## Activity:
A word-for-word copy of the listing is required, and it must contain no pictures.

## Provided material:
'''
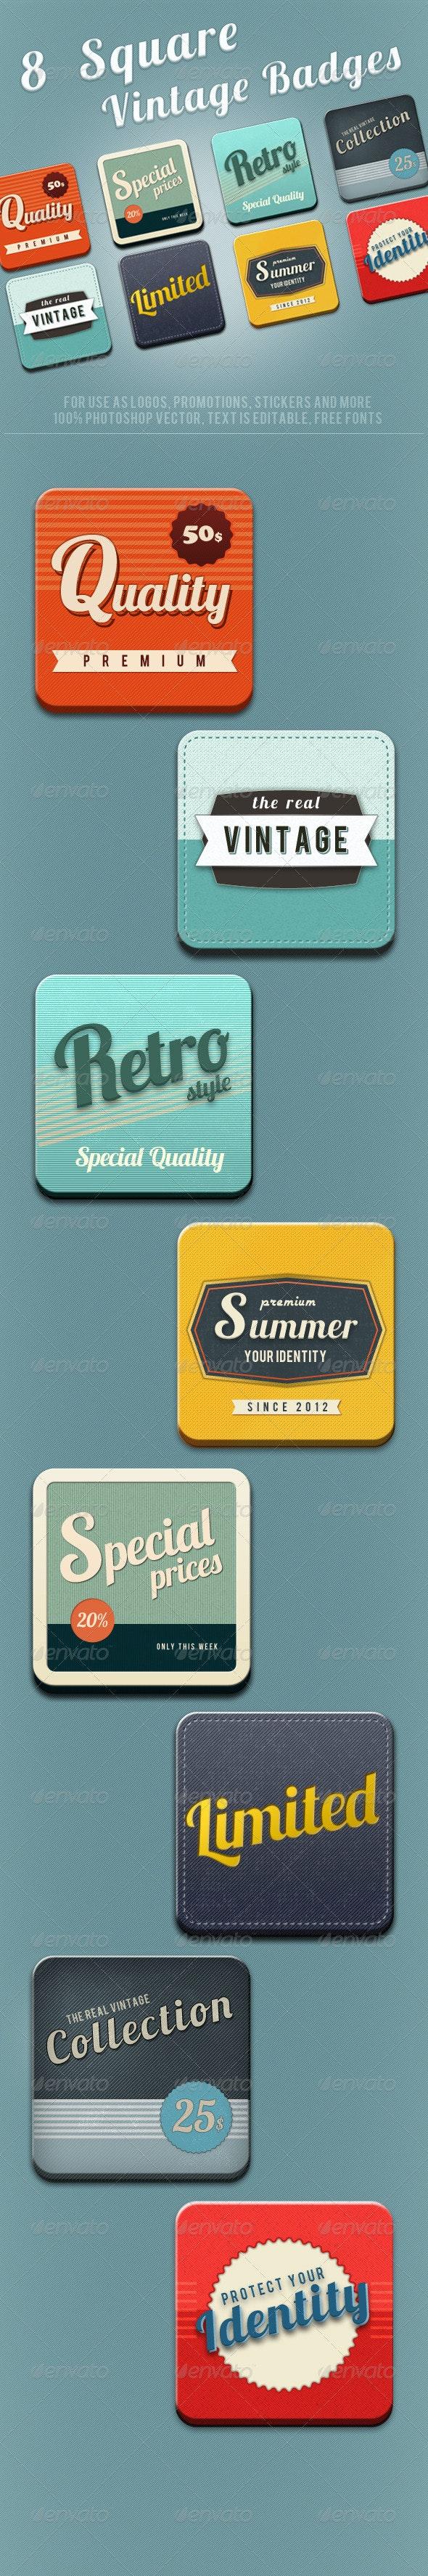 8 Square Vintage Badges  - Badges & Stickers Web Elements
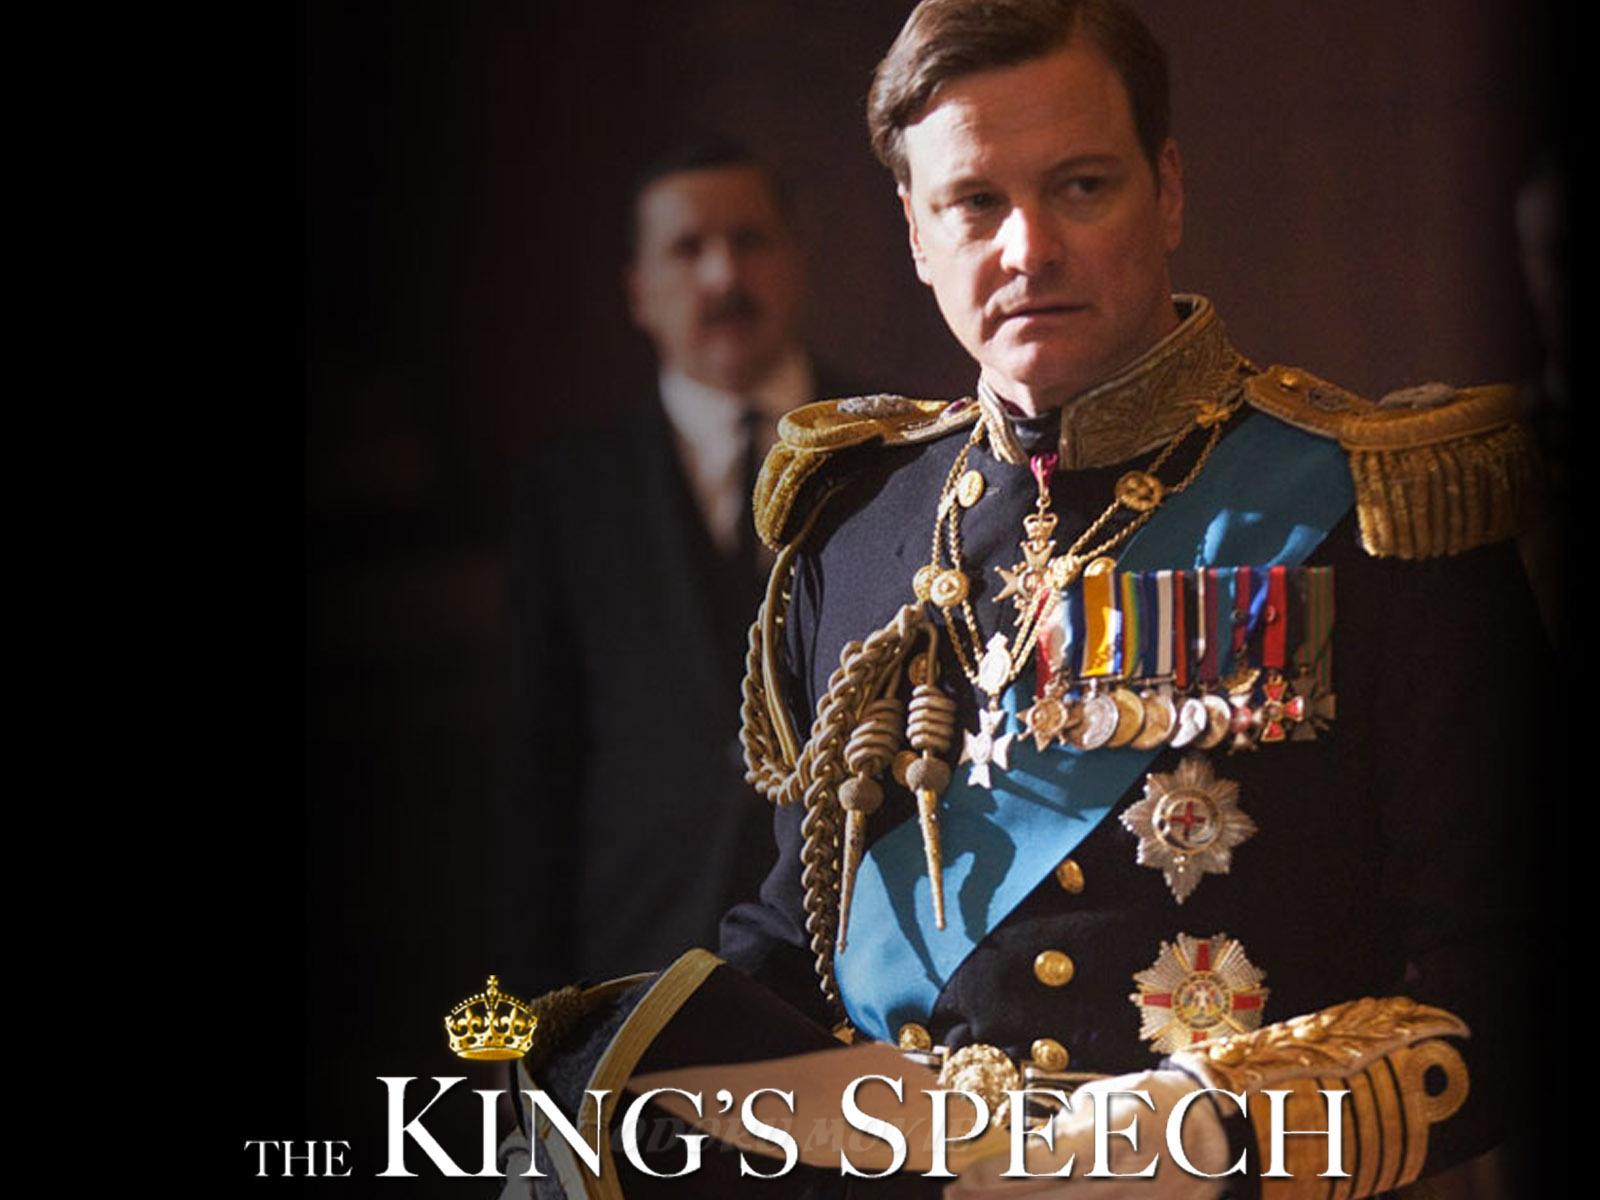 the_kings_speech 英国王のスピーチ
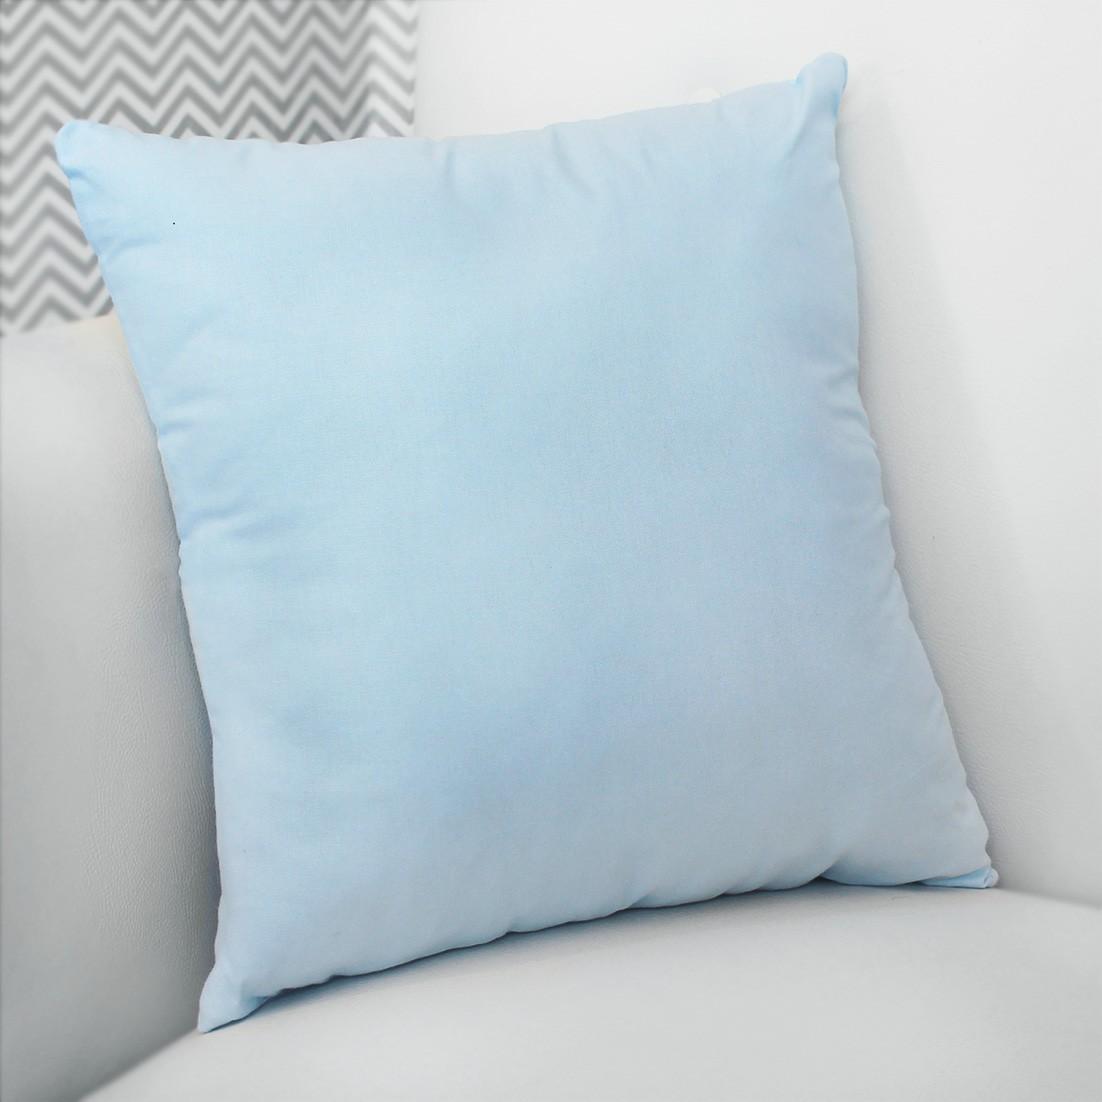 Almofada Decorativa Estampada -  Azul
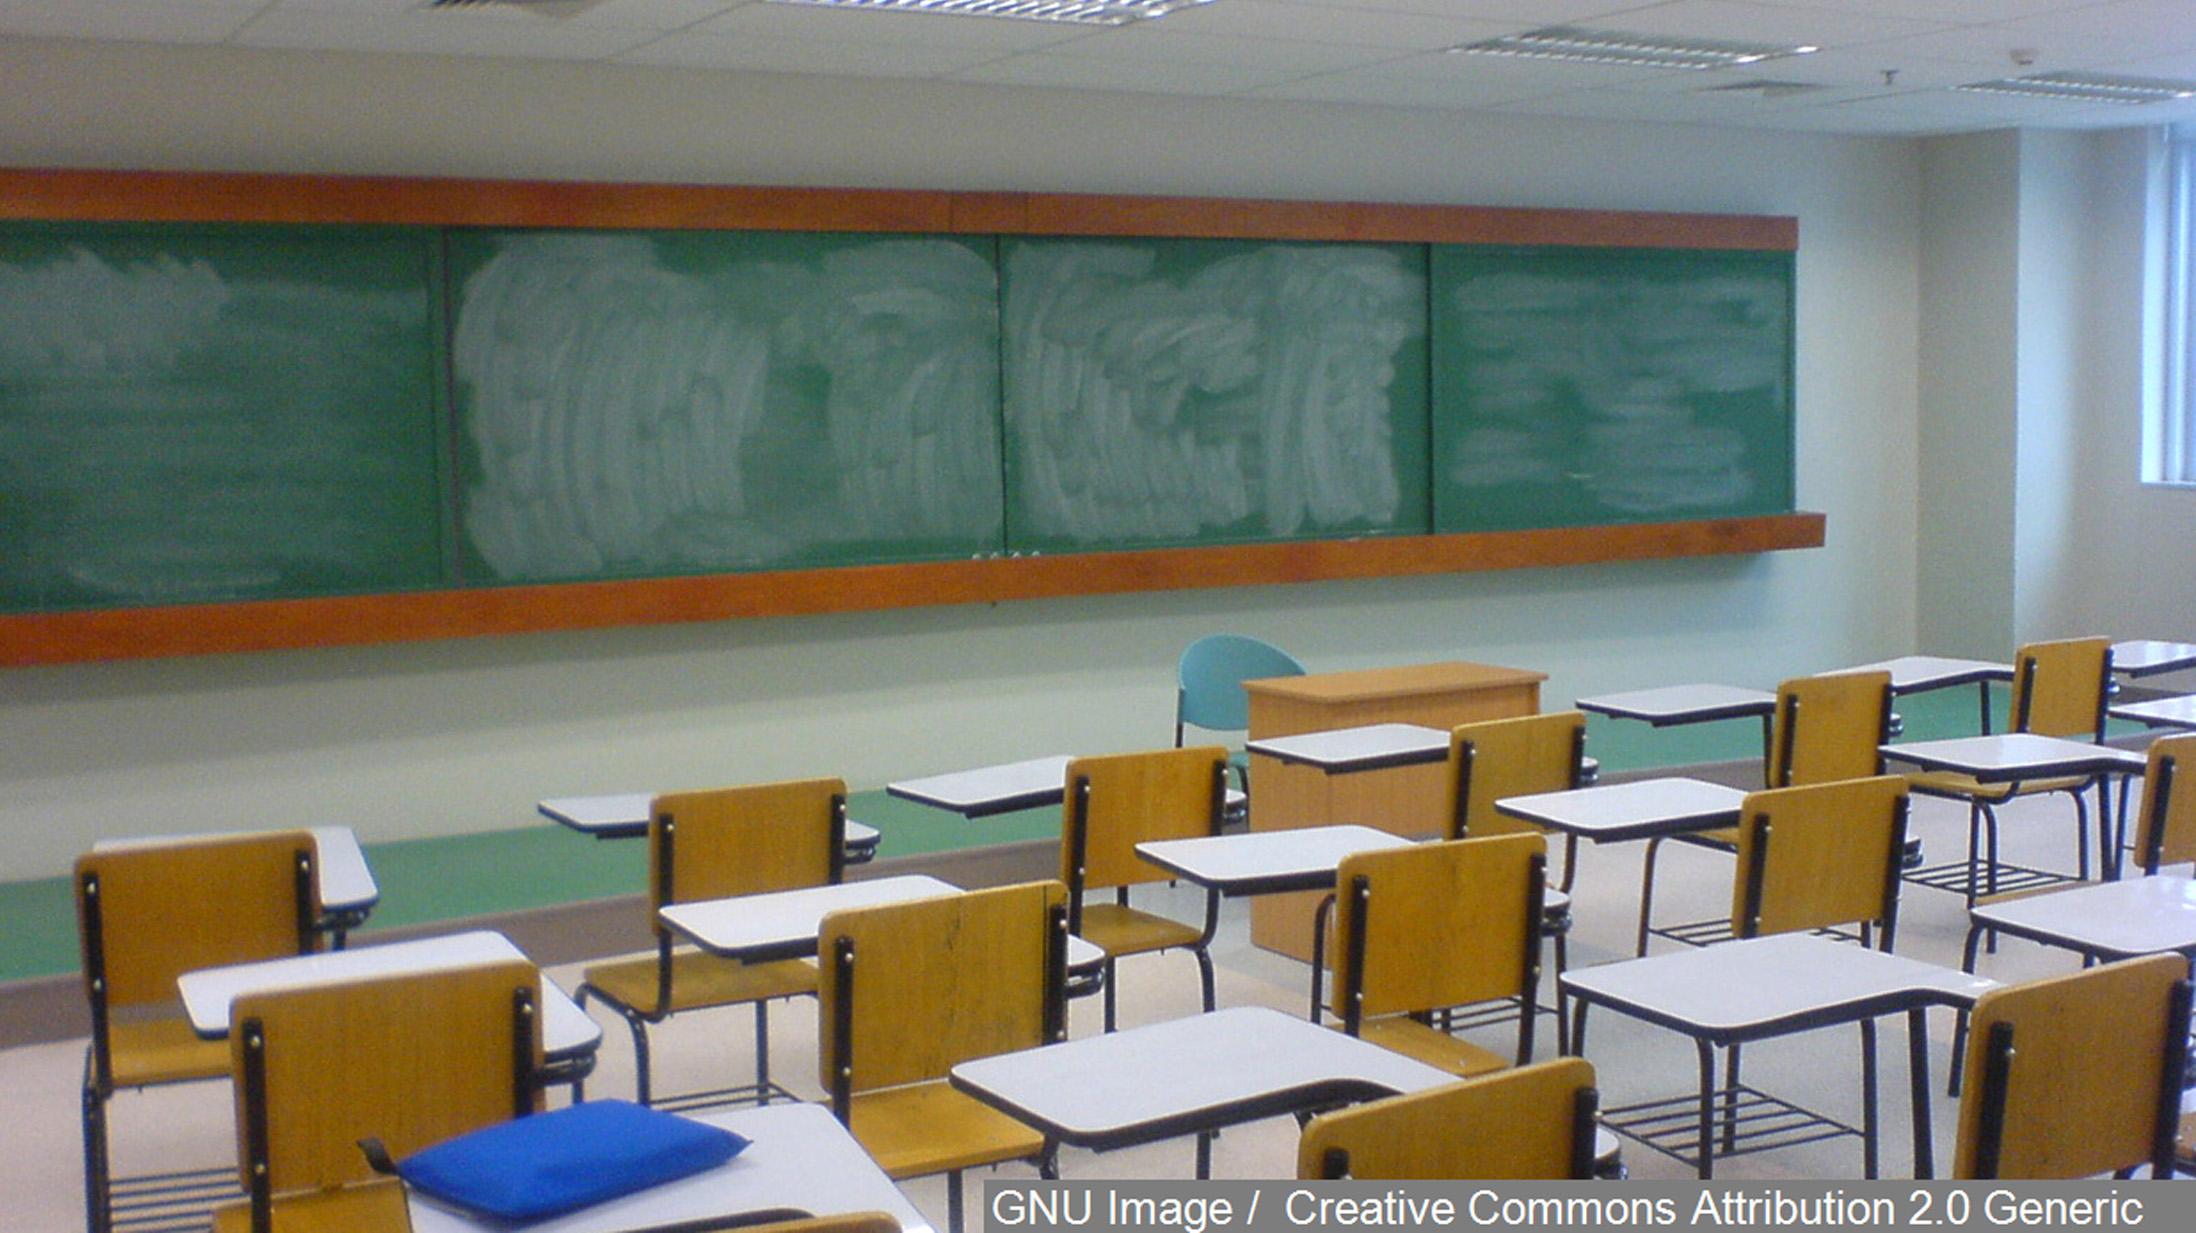 Classroom 10122015_1458187234683.jpg
'''
## Task response:
 8 Square Vintage Badges  - Badges & Stickers Web Elements
 the_kings_speech 英国王のスピーチ
 Almofada Decorativa Estampada -  Azul
 Classroom 10122015_1458187234683.jpg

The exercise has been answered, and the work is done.